Projeto de Lei Propõe Regime Especial de Tributação para Datacenters no Brasil visando Soberania Digital
Proposta de José Guimarães (PT-CE) busca suspender impostos federais para equipamentos, dando continuidade a políticas de incentivo e garantindo investimentos.
Brasília, DF – Um novo passo para o fortalecimento da infraestrutura digital brasileira está em análise na Câmara dos Deputados. O Projeto de Lei 278/26, que institui o Regime Especial de Tributação para Serviços de Datacenter (Redata), visa suspender a cobrança de tributos federais na aquisição de máquinas e equipamentos essenciais para centros de processamento de dados.
Apresentada pelo líder do governo na Câmara, deputado José Guimarães (PT-CE), a proposta substitui e dá continuidade às diretrizes estabelecidas pela Medida Provisória 1318/25, que perderá sua validade em 25 de fevereiro. Guimarães enfatizou a importância da medida para proteger investimentos já realizados e impulsionar o setor.
“O regime especial é essencial ao incremento da competitividade econômica, ao fortalecimento da liderança tecnológica e à consolidação da soberania digital brasileira”, declarou o parlamentar, destacando os benefícios estratégicos do projeto.
Detalhes do Redata e Benefícios Fiscais
O Redata prevê a suspensão da exigência de PIS, Cofins, IPI e Imposto de Importação. Essa isenção se aplica à aquisição de componentes eletrônicos e bens de tecnologia da informação, tanto para compras realizadas no mercado interno quanto para importações de itens que não possuem similar nacional.
A medida busca reduzir os custos de implantação e expansão de datacenters, tornando o Brasil mais atraente para investimentos no setor.

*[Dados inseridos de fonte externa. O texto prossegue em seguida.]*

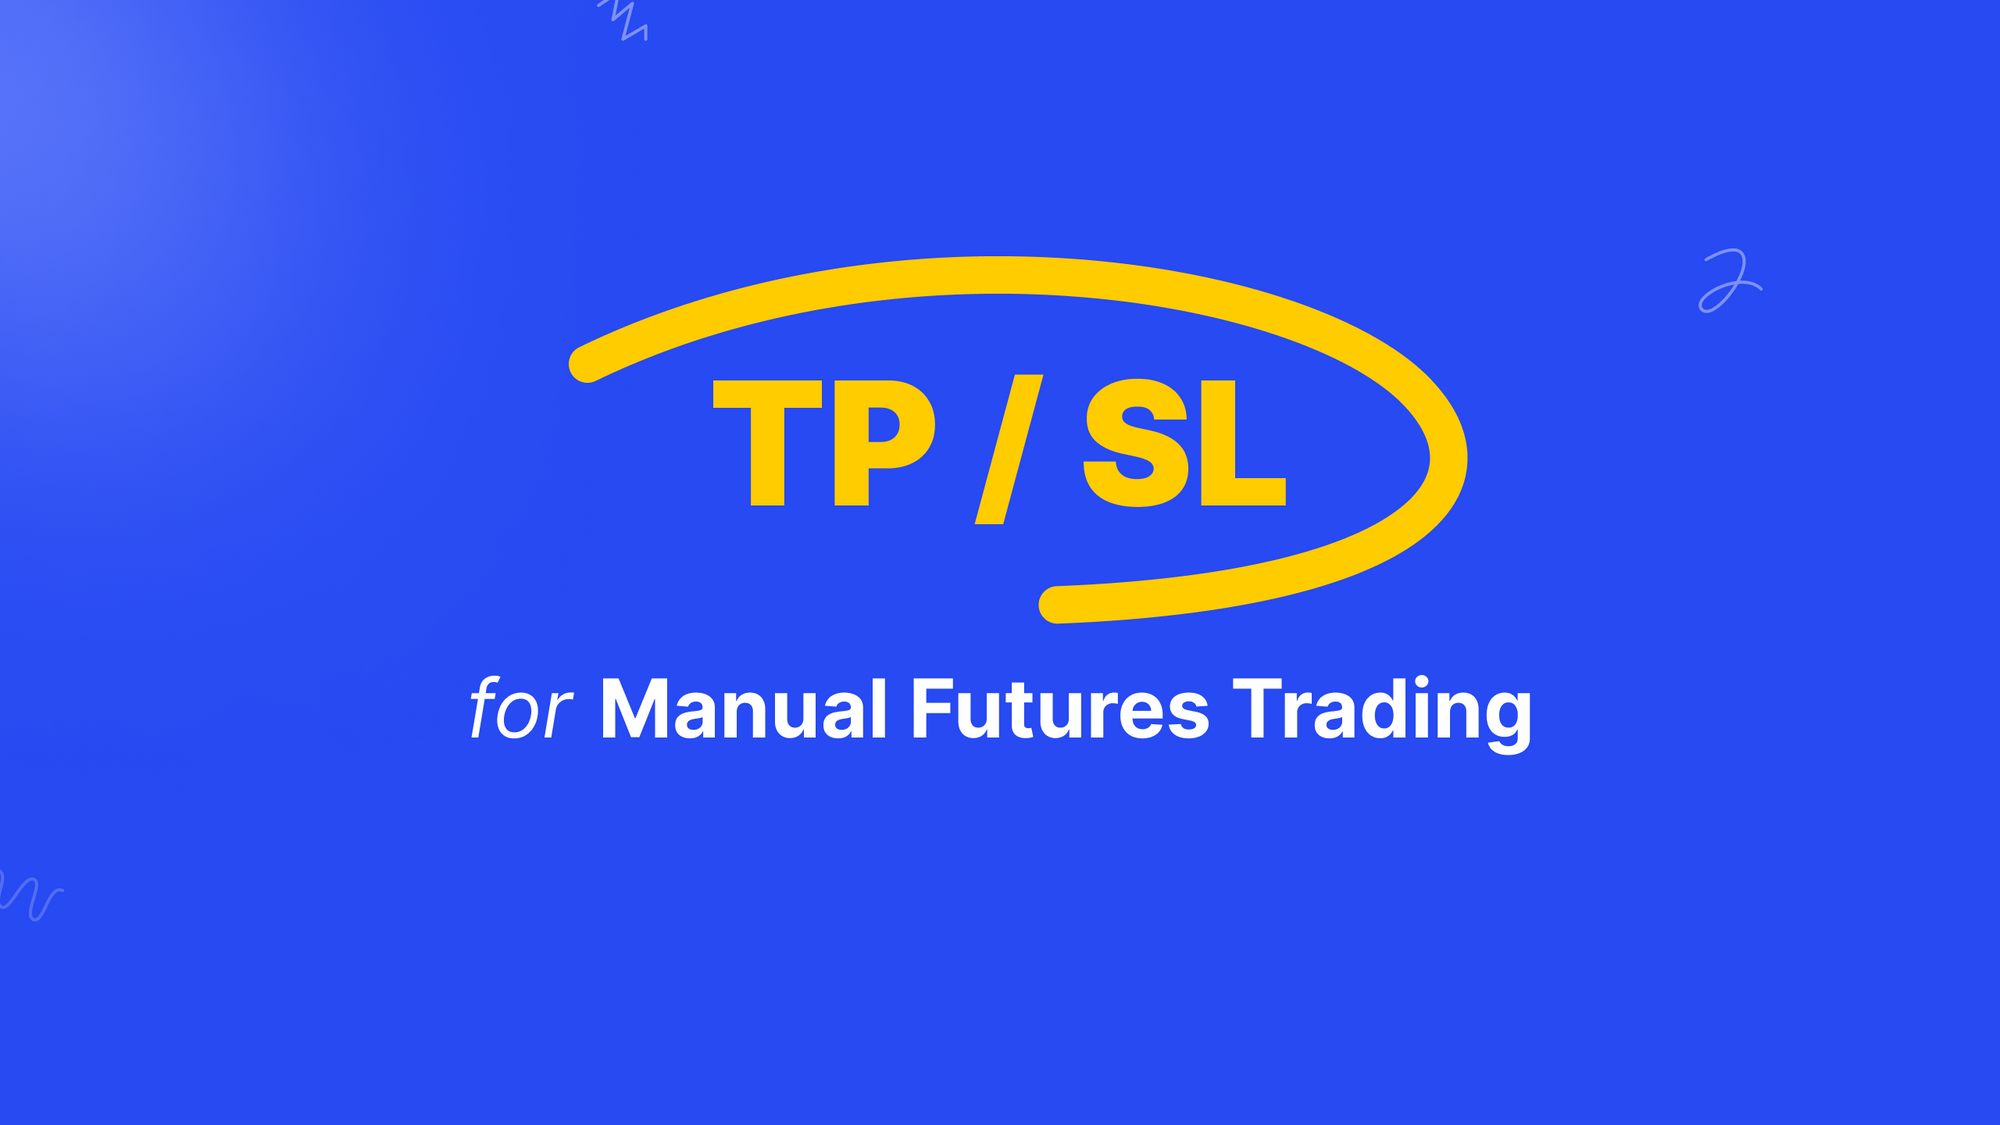 Feature Release: Take Profit / Stop Loss Orders for Futures Manual Trading
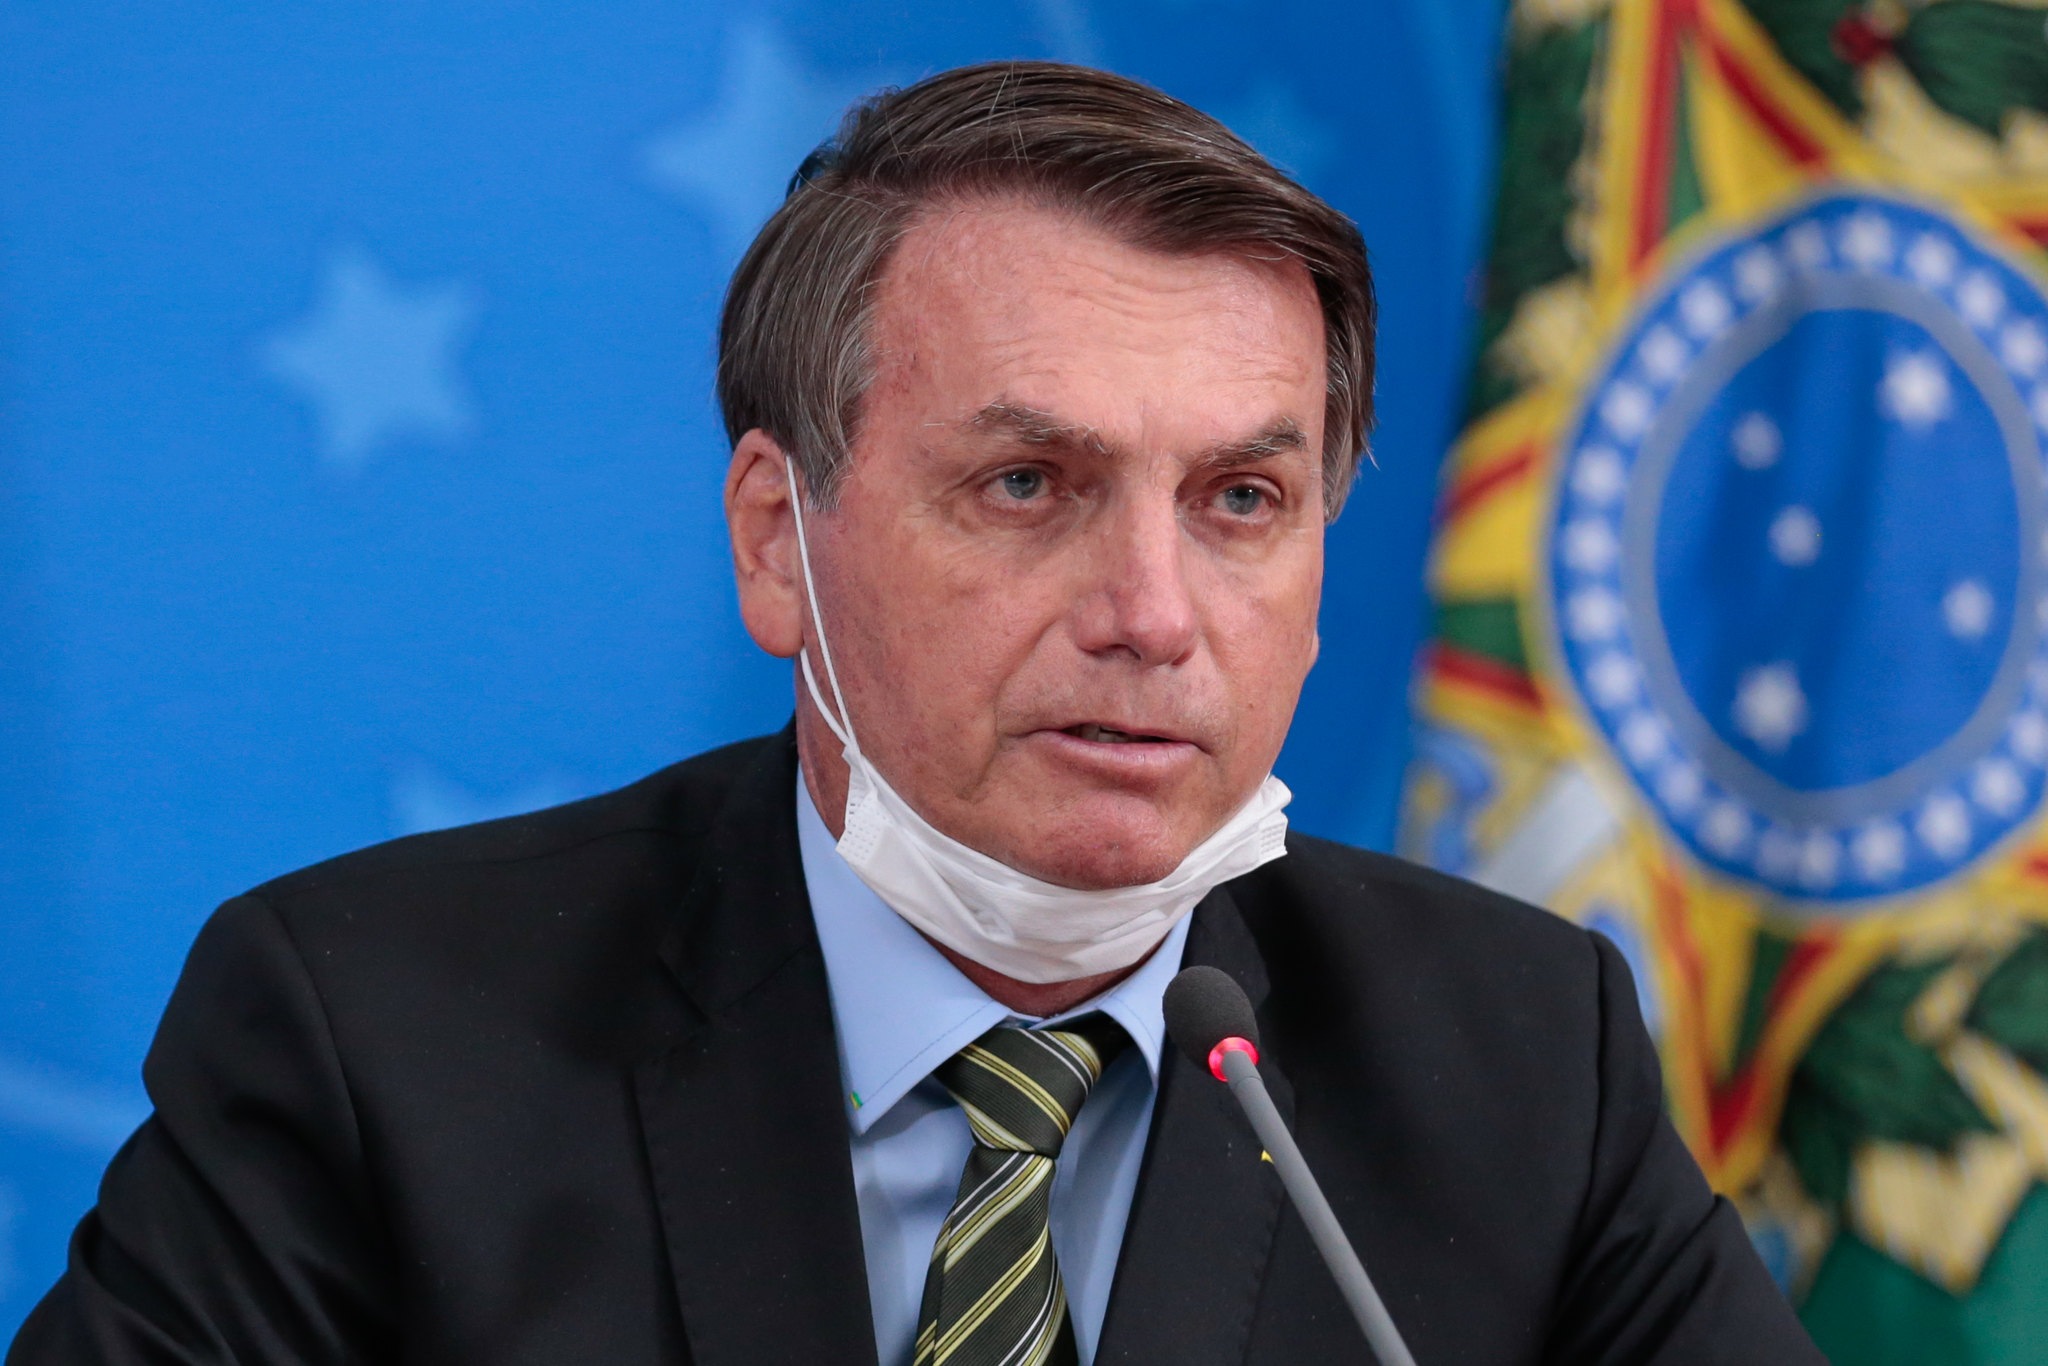 Brazilian President Jair Bolsonaro himself spoke on national television last Tuesday to criticize the shutdown of commercial spaces and schools.

A expectativa é que, com menor carga tributária, mais empresas escolham o país para sediar suas operações de armazenamento e processamento de dados.
Contrapartidas e Sustentabilidade para Empresas
Para usufruir do regime especial, as empresas deverão cumprir rigorosos requisitos. A sustentabilidade é um pilar central, exigindo o uso de energia proveniente de fontes limpas ou renováveis e a adoção de índices rígidos de eficiência hídrica em suas operações.
Além disso, o projeto determina um investimento mínimo de 2% do valor dos bens incentivados em pesquisa, desenvolvimento e inovação (P&D). Outra exigência importante é que os beneficiários disponibilizem ao mercado interno pelo menos 10% da capacidade instalada de processamento e armazenamento. O descumprimento dessas regras resultará no pagamento retroativo dos tributos, acrescidos de multas e juros.
Próximos Passos no Congresso Nacional
O Projeto de Lei 278/26 poderá ter uma tramitação acelerada. Um pedido de urgência para a proposta está na pauta do Plenário da Câmara nesta terça-feira, 10 de fevereiro de 2026. Se aprovado, o texto poderá ser votado diretamente pelos deputados.
Para que o Redata se torne lei, o projeto ainda precisará ser aprovado tanto pela Câmara quanto pelo Senado Federal. A expectativa é de que haja celeridade, dada a relevância estratégica do tema e a necessidade de dar continuidade às políticas de incentivo já em vigor.
Reflexos para o Norte de Minas e o Cenário Tecnológico
Embora a proposta tenha abrangência nacional, a implementação do Redata pode gerar impactos positivos e oportunidades para regiões como o Norte de Minas Gerais. Com a suspensão de impostos para equipamentos de datacenters, a região, que busca diversificar sua economia e atrair investimentos em tecnologia, poderá se tornar um polo mais competitivo para a instalação dessas infraestruturas.
A atração de datacenters pode impulsionar a criação de empregos qualificados, o desenvolvimento de ecossistemas de inovação e a melhoria da conectividade local. A exigência de sustentabilidade, com uso de energia limpa, alinha-se aos esforços de desenvolvimento regional que buscam conciliar progresso econômico com responsabilidade ambiental, abrindo portas para parcerias com fontes de energia renovável presentes na região.